Durability, Change, and the Politics of American Lawmaking

Living Legislation

Durability, Change, and the Politics of American Lawmaking

Politics is at its most dramatic during debates over important pieces of legislation. It is thus no stretch to refer to legislation as a living, breathing force in American politics. And while debates over legislative measures begin before an item is enacted, they also endure long afterward, when the political legacy of a law becomes clear.
 
Living Legislation provides fresh insights into contemporary American politics and public policy. Of particular interest to the contributors to this volume is the question of why some laws stand the test of time while others are eliminated, replaced, or significantly amended. Among the topics the essays discuss are how laws emerge from—and effect change within—coalition structures, the effectiveness of laws at mediating partisan conflicts, and the ways in which laws interact with broader shifts in the political environment.

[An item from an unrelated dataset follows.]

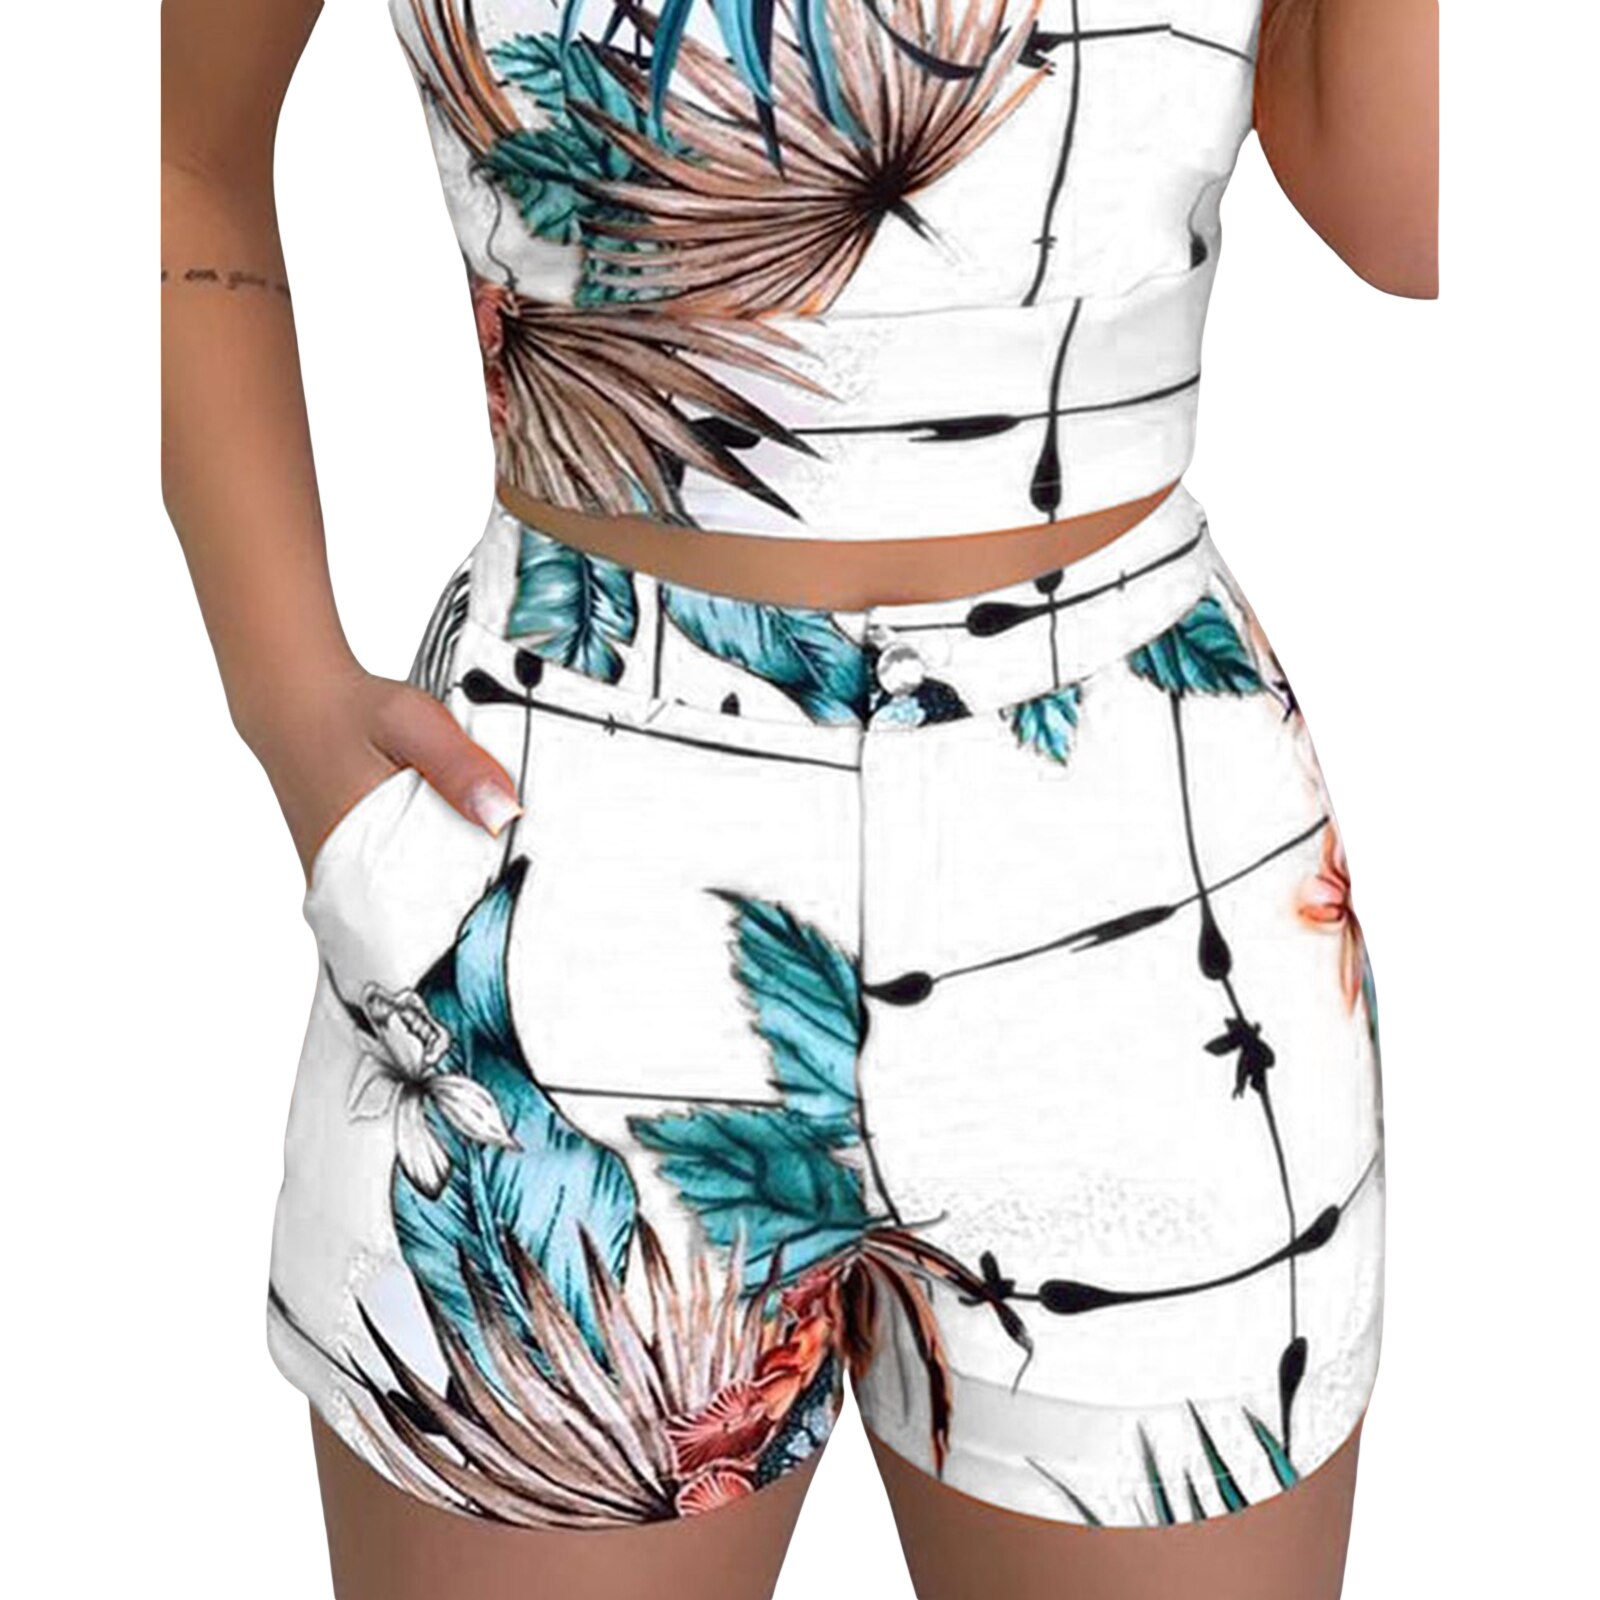 Summer-Womens-2-pieces-Clothes-Set-Sleeveless-Print-Top-and-Shorts-Outfit-for-Ladies-Fashion-Women-4

As an essential addition to the study of politics, Living Legislation enhances understanding of democracy, governance, and power.


368 pages | 16 line drawings, 16 tables | 6 x 9 | © 2012

Law and Legal Studies: Legal History

Political Science: American Government and Politics, Public Policy

Reviews

“Jenkins and Patashnik have brought together a first-rate collection of scholars to address the too-often-neglected question of what happens to American public policies after the passage of legislation. The result is a compelling work that raises many deeper questions about legislation as a developmental force in American politics. Living Legislation will make an extremely important contribution to the study of American politics and public policy.”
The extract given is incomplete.